In quell’ora, stavano presso la croce di Gesù sua madre, la sorella di sua madre, Maria di Clèofa e Maria di Màgdala.
Gesù allora, vedendo la madre e lì accanto a lei il discepolo che egli amava, disse alla madre: «Donna, ecco il tuo figlio!».
Poi disse al discepolo: «Ecco la tua madre!». E da quel momento il discepolo la prese nella sua casa.

 
Meditazione di San Giovanni Crisostomo

Vedi questa vittoria ammirabile? Vedi i successi della Croce ? Ti sto per dire ora una cosa ancora più stupenda. Considera il modo con il quale questa vittoria si è realizzata, e sarai più stupito ancora. Cristo ha dominato il demonio proprio mediante ciò che aveva permesso al demonio di vincere. Ha combattuto il demonio con le sue stesse armi. Ascolta come. Una vergine, il legno e la morte, ecco i simboli della disfatta. La vergine era Eva, perché non si era ancora unita all’uomo; il legno era l’albero; e la morte, la pena in cui era incorso Adamo. Ma ecco, invece, la vergine, il legno e la morte, simboli della disfatta, diventare i simboli della vittoria. Invece di Eva, Maria; invece del legno della conoscenza del bene e del male, il legno della Croce; invece della morte di Adamo, la morte di Cristo.
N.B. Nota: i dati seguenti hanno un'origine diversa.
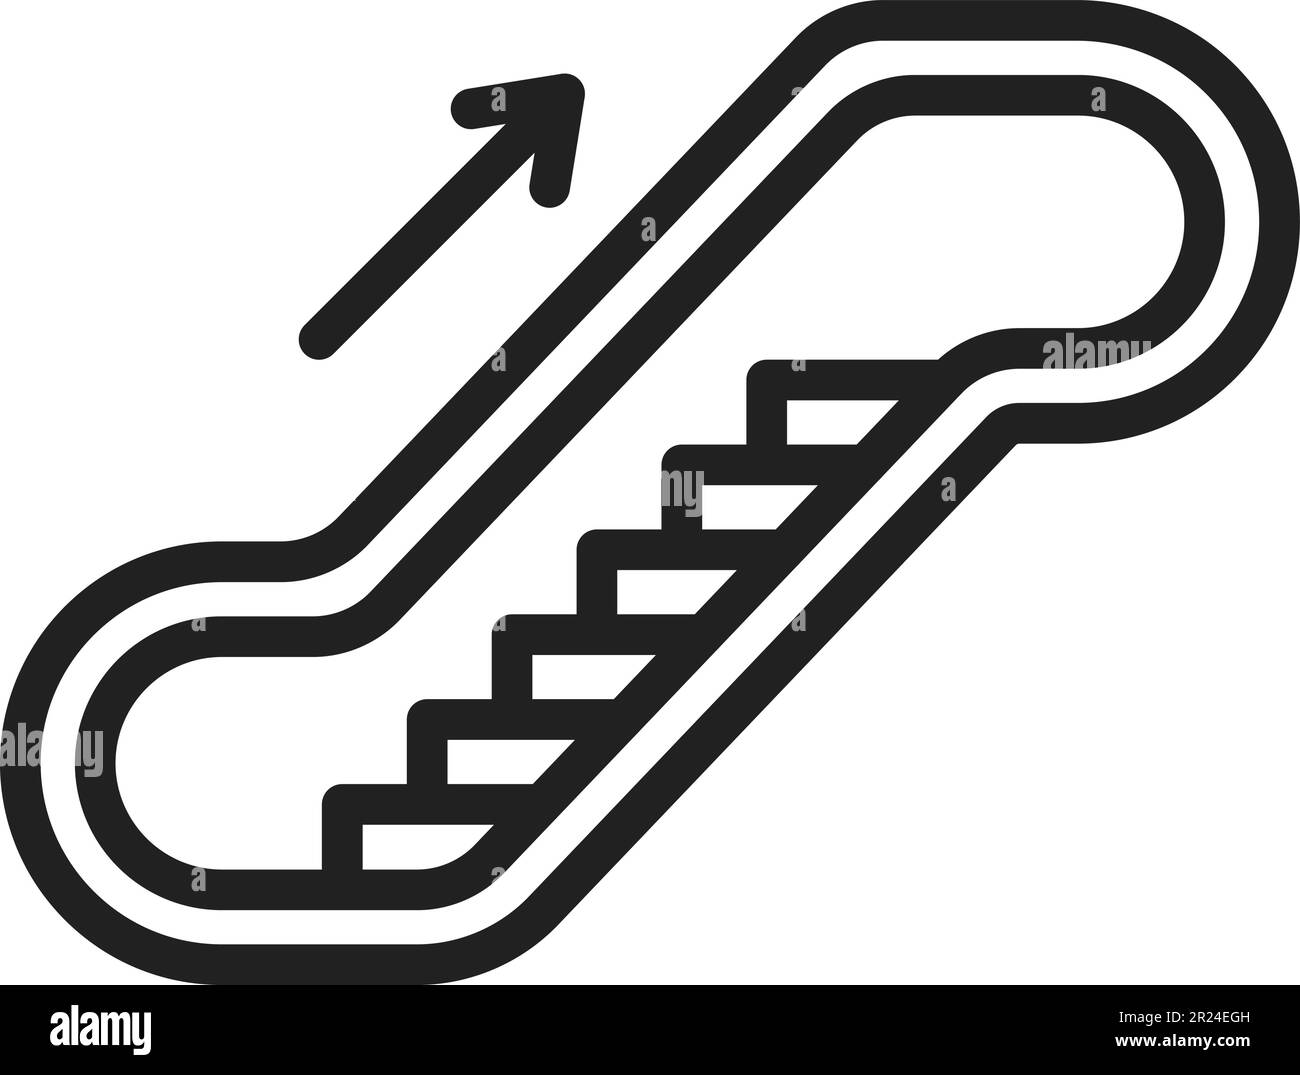 Escalator icon vector image. Suitable for mobile application web application and print media. Stock Vector

Vedi che il demonio è stato vinto mediante ciò che gli aveva dato la vittoria? Mediante l’albero, aveva vinto Adamo; mediante la croce, Cristo ha trionfato sul demonio. L’albero mandava negli inferi, la croce ne ha fatto tornare coloro che vi erano scesi. Inoltre, l’albero servì a nascondere l’uomo vergognoso della sua nudità, mentre la croce ha alzato davanti agli occhi di tutti un uomo nudo, ma vincitore. …

Questo è il prodigio che la Croce ha realizzato in nostro favore: la Croce è il trofeo innalzato davanti ai demoni, la spada estratta contro il peccato, la spada con la quale Cristo ha trafitto il serpente. La Croce è la volontà del Padre, la gloria del Figlio unigenito, la gioia dello Spirito Santo, lo splendore degli angeli, la sicurezza della Chiesa, l’orgoglio di San Paolo (Ga 6,14), il baluardo degli eletti, la luce del mondo intero.
 
(San Giovanni Crisostomo, sacerdote ad Antiochia poi vescovo di Costantinopoli, dottore della Chiesa. Omelia sulla croce per il Venerdì Santo, 2 ; PG 49, 396)
 

*Golgotha. Mikhail Nesterov.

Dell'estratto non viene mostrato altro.